23. Oktober 2009

Zitat des Tages: Thilo Sarrazin und ein Käfig voller Feiglinge. Peter Sloterdijk und der Zeitgeist

Denken wir an den entlarvenden Vorgang, der sich vor wenigen Wochen anlässlich einiger kantiger Formulierungen des ehemaligen Berliner Finanzsenators Thilo Sarrazin entwickelt hat: Weil er so unvorsichtig war, auf die unleugbar vorhandende Integrationsscheu gewisser türkischer und arabischer Milieus in Berlin hinzuweisen, ging die ganze Szene der deutschen Berufsempörer auf die Barrikaden, um ihm zu signalisieren: Solche Deutlichkeiten sind unerwünscht.

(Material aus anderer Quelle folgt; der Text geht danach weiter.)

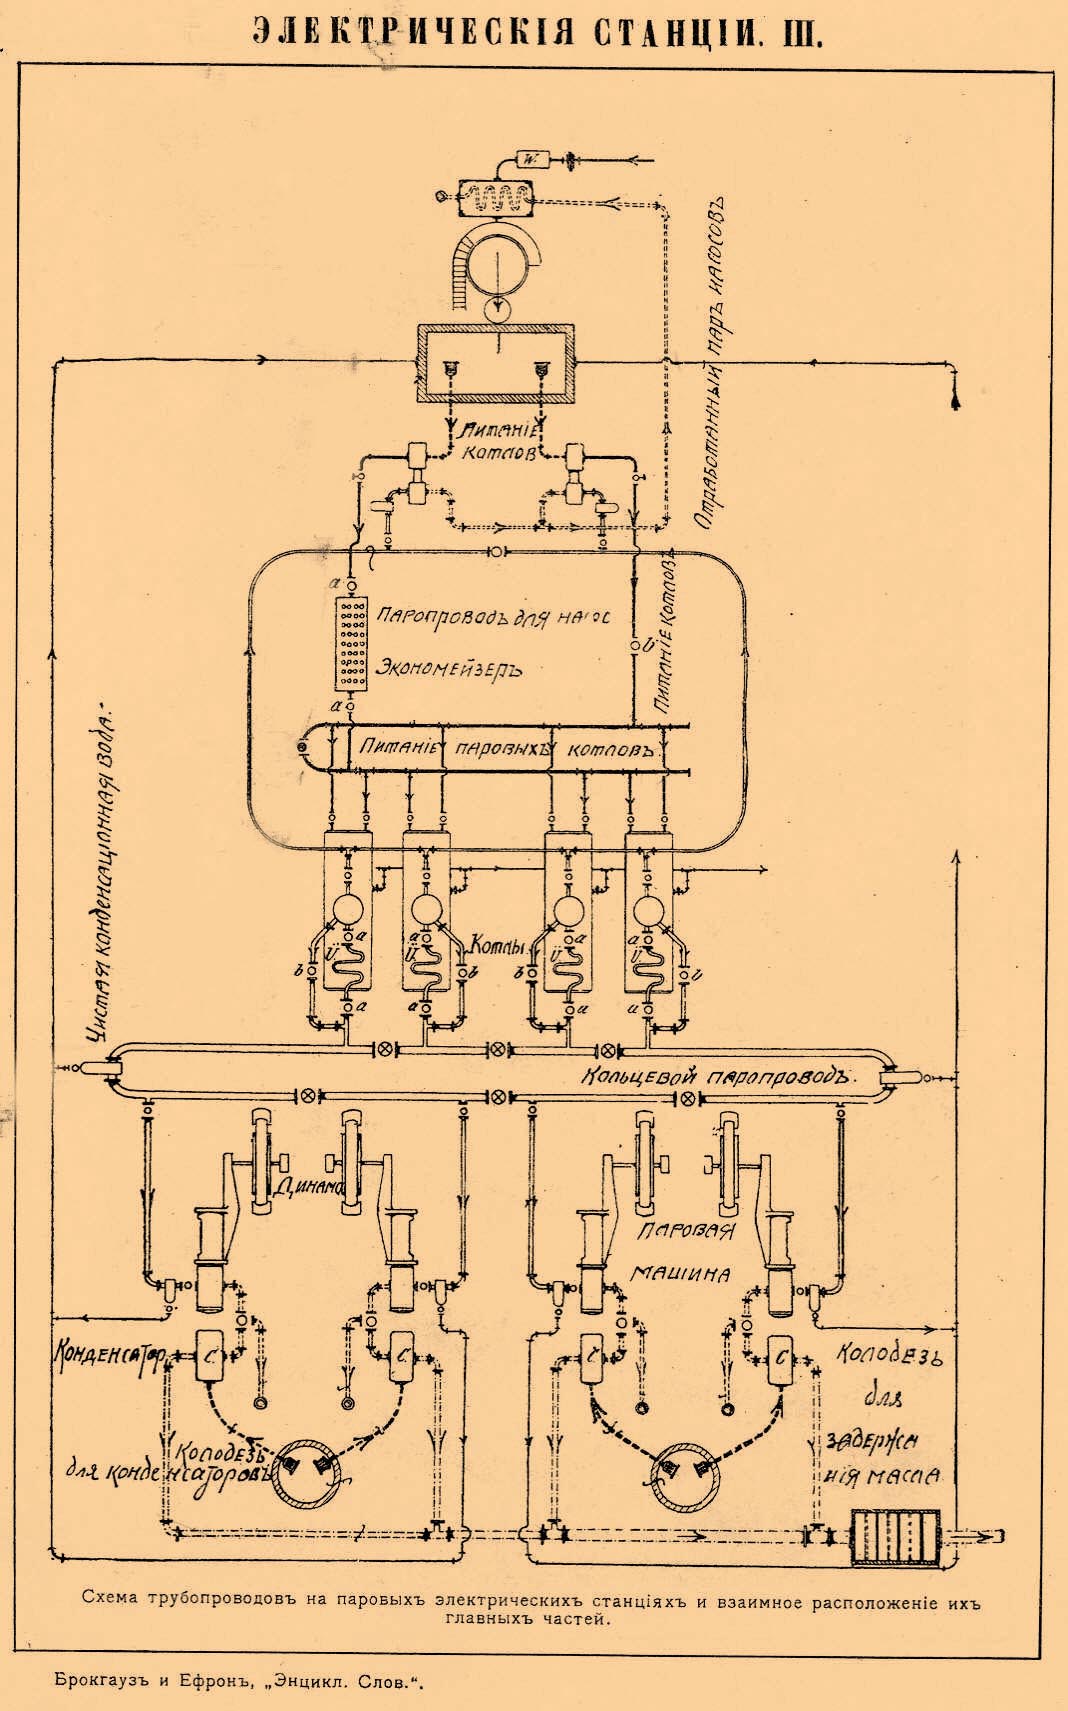 ЭЛЕКТРИЧЕСКИЕ СТАНЦИИ III. Схема трубопороводов на паровых электрических станциях и взаимное расположение их главных частей.

Man möchte meinen, die deutsche Meinungs-Besitzer- Szene habe sich in einen Käfig voller Feiglinge verwandelt, die gegen jede Abweichung von den Käfigstandards keifen und hetzen.

Peter Sloterdijk im November- Heft von "Cicero", auszugsweise zitiert in "Cicero- Online".

Kommentar: Bemerkenswert ist nicht das, was in dieser Passage gesagt wird. Viele haben es so oder ähnlich gesagt; einige dieser Stimmen - die von Hans-Olaf Henkel, Fatina Keilani, Bettina Röhl und Volker Zastrow - habe ich hier vor drei Wochen zusammengestellt (Der "Fall" Thilo Sarrazin: Einige Fakten und Materialien. Über die Freiheit des Wortes und die Liberalität unserer Gesellschaft; ZR. vom 6. 10. 2009).

Bemerkenswert erscheint mir aber, daß es Peter Sloterdijk ist, der das sagt. Kaum jemand hat so ein feines Gespür für den Zeitgeist, für Stimmungen und Trends wie Peter Sloterdijk.

Ich hatte schon in der akuten Phase der Sarrazin- Debatte zunehmend den Eindruck, daß die, wie Sloterdijk sie nennt, "Szene der deutschen Berufsempörer" es nicht mehr so recht fertigbrachte, Andersdenkende mittels dafür geeigneter Etikettierungen hinaus aus dem öffentlichen Diskurs zu befördern.

Wenn jetzt Sloterdijk, der Mann mit dem feinen Sensorium, sich gegen die Sarrazin- Kritiker stellt, dann deutet das wohl wirklich auf einen Wandel des Zeitgeists hin.

Vielleicht war es doch eine List der Vernunft, daß wir uns gerade jetzt eine liberalkonservative Regierung gewählt haben.